Pelositheism, Redemption, And John Edwards

My friends may be aware that recent miracles have convinced me of the existence of an omniscient, omnipotent, omnibenevolent being. Accordingly, I have changed my Facebook religion status to "Pelositheism." And now it's time to talk about how a sinner can be redeemed.

Namely, John Edwards. Running for the Democratic nomination against excellent candidates like Hillary Clinton and Barack Obama while having an enormous skeleton in his closet was a really bad thing to do. I have no idea how to evaluate this counterfactual, but it's possible that with Edwards as our candidate we would've lost the 2008 election, leading to President McCain and a political landscape so much worse than the one we now inhabit that it takes some thinking to imagine.

What ended up happening was quite different. As Matt Yglesias outlines, John Edwards dramatically raised the price for progressive support on a variety of issues including health care reform. Candidates had to come out with similarly progressive plans or lose liberal interest groups to him. Hillary Clinton more or less copied his health care plan and vociferously defended the individual mandate against Barack Obama. While Clinton lost the primary, she won the argument. After Obama's victory, the Edwards plan, mandate and all, became the basic plan for reform.

Given the way that his scandal erased him personally from politics, Edwards' significance in the history of America was to rise or fall with health care reform and a few other good lefty positions he advanced like aggressive action on climate change. All this, of course, would've come to nothing if comprehensive health care reform (to say nothing of climate change legislation) really had died in the wake of Scott Brown's victory in Massachusetts.
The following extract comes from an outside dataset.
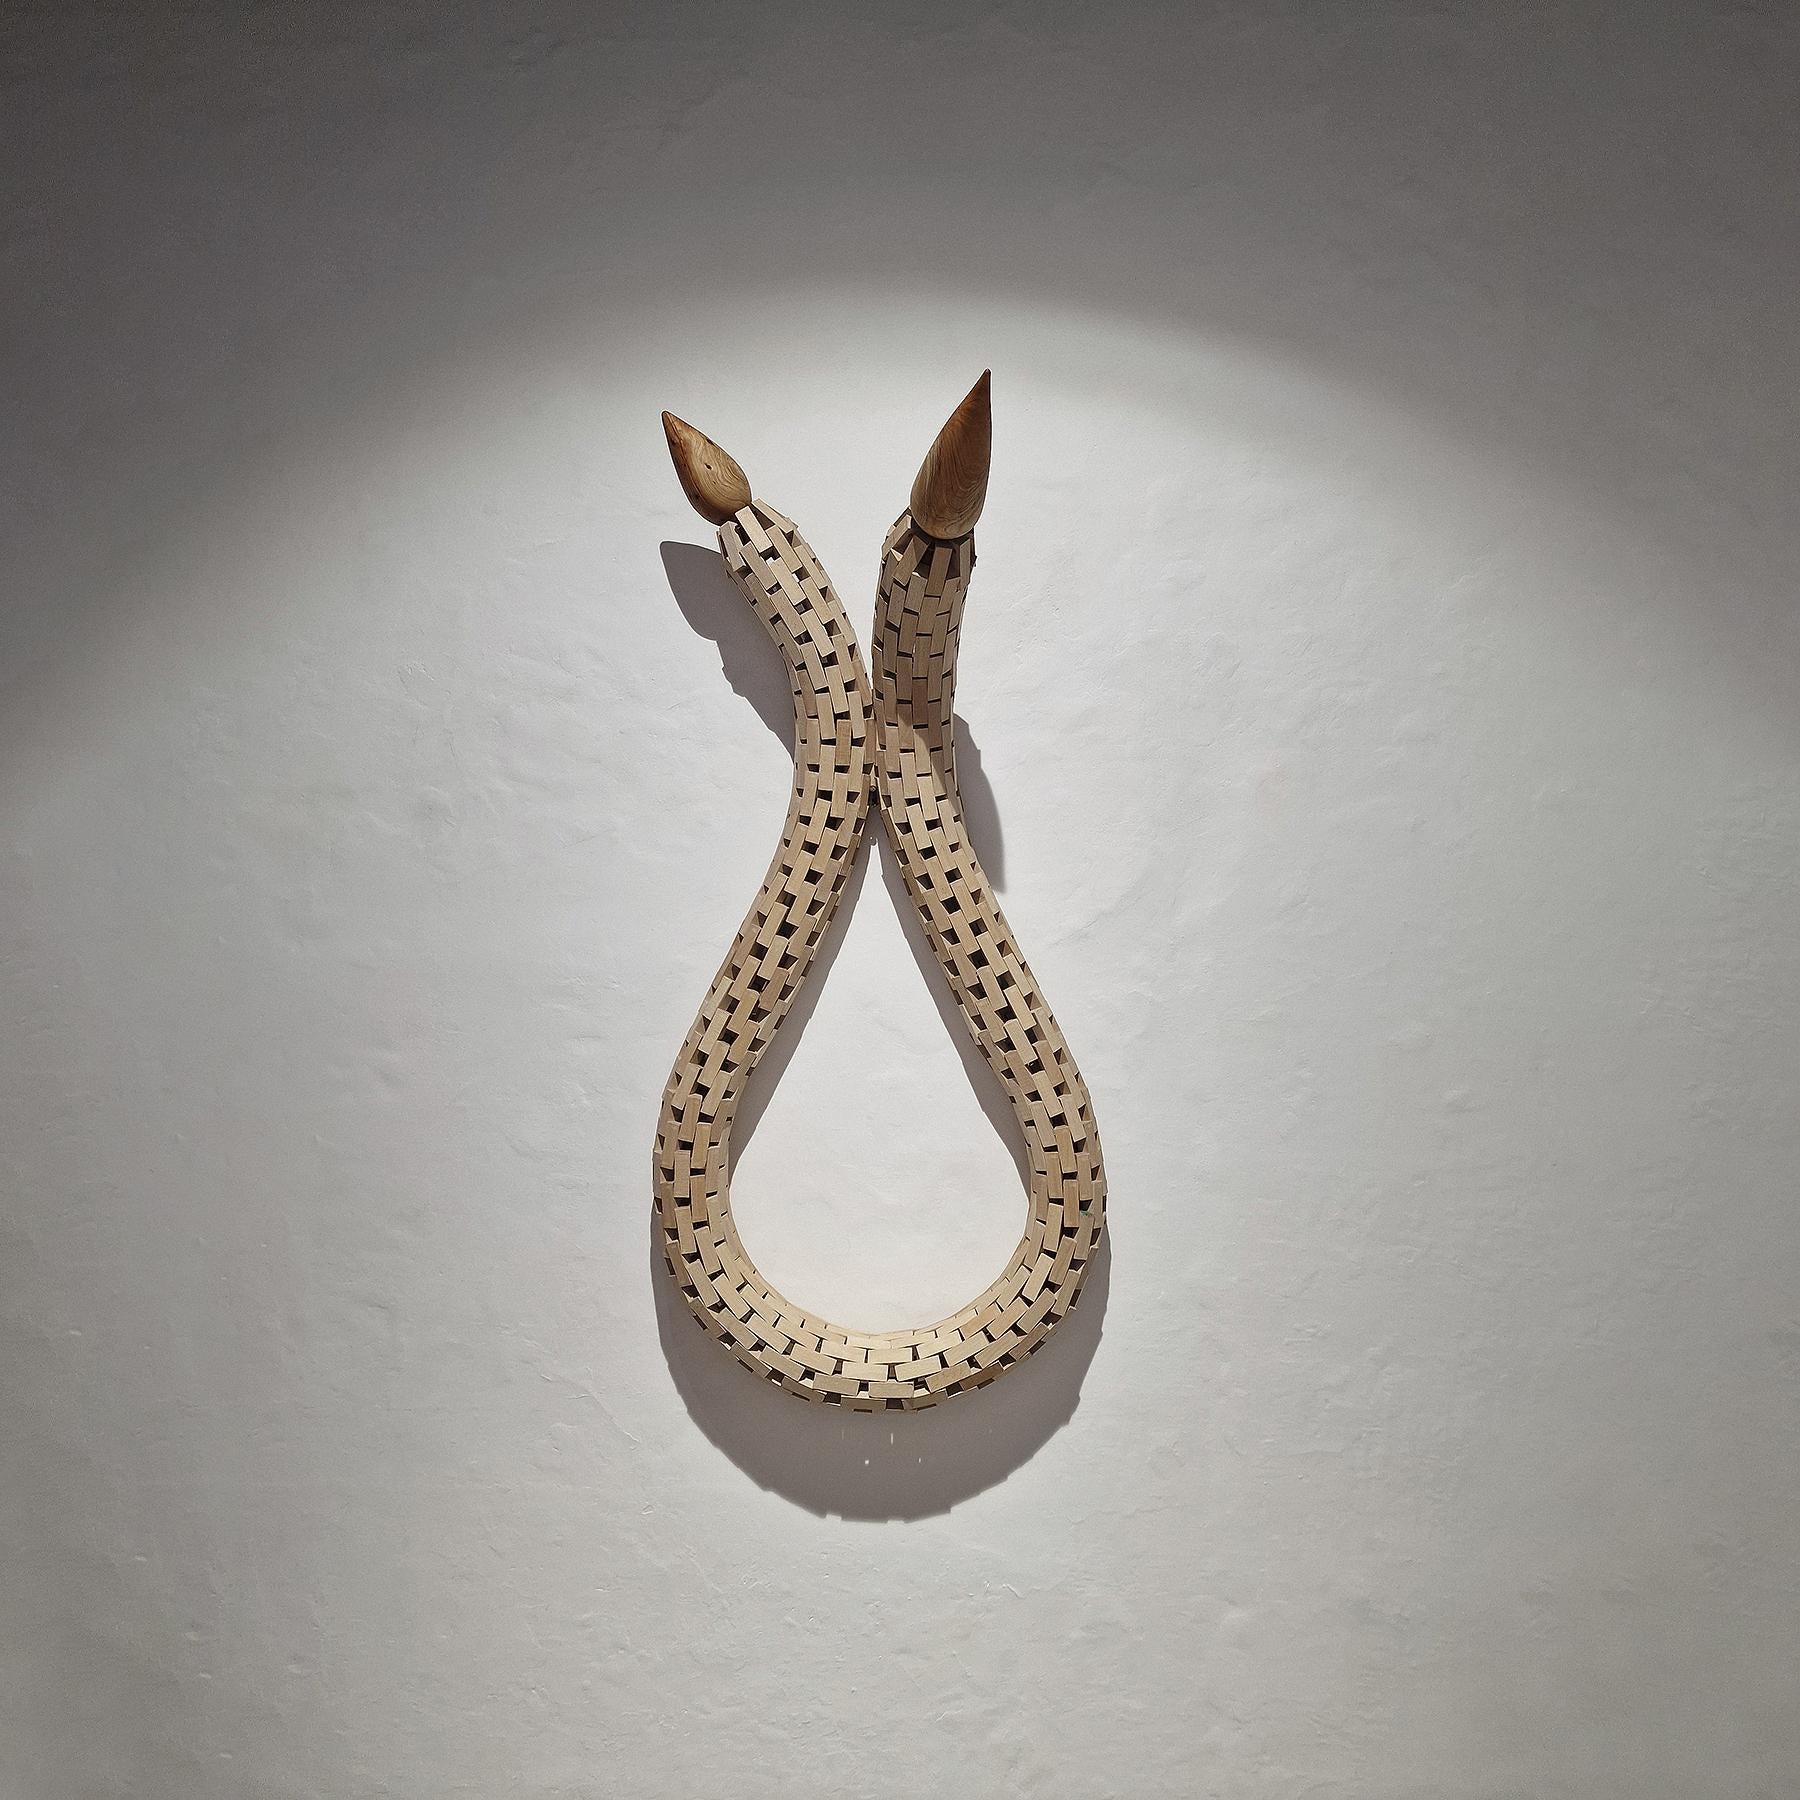 Abstract Sculpture Carlos Nicanor - Invertebrado

But you know as I do the story of the resurrection! In the end times, the House laid down with the Senate, while Diana DeGette and Bart Stupak huddled together. All this was by the grace of our Speaker's divine wisdom and inexorable will. It's because of her that health care reform will pass upon our nation.

There is no other reason that Edwards' entire political legacy hasn't fallen into the flames, than that Nancy Pelosi held him up. That she chose as she did doesn't make him any better or worse as a person. But anyone who tried to make a difference for health care reform will appreciate what the salvation of his contribution means. And that's why John Edwards is, as it could've been writ, a sinner in the hands of a merciful Goddess.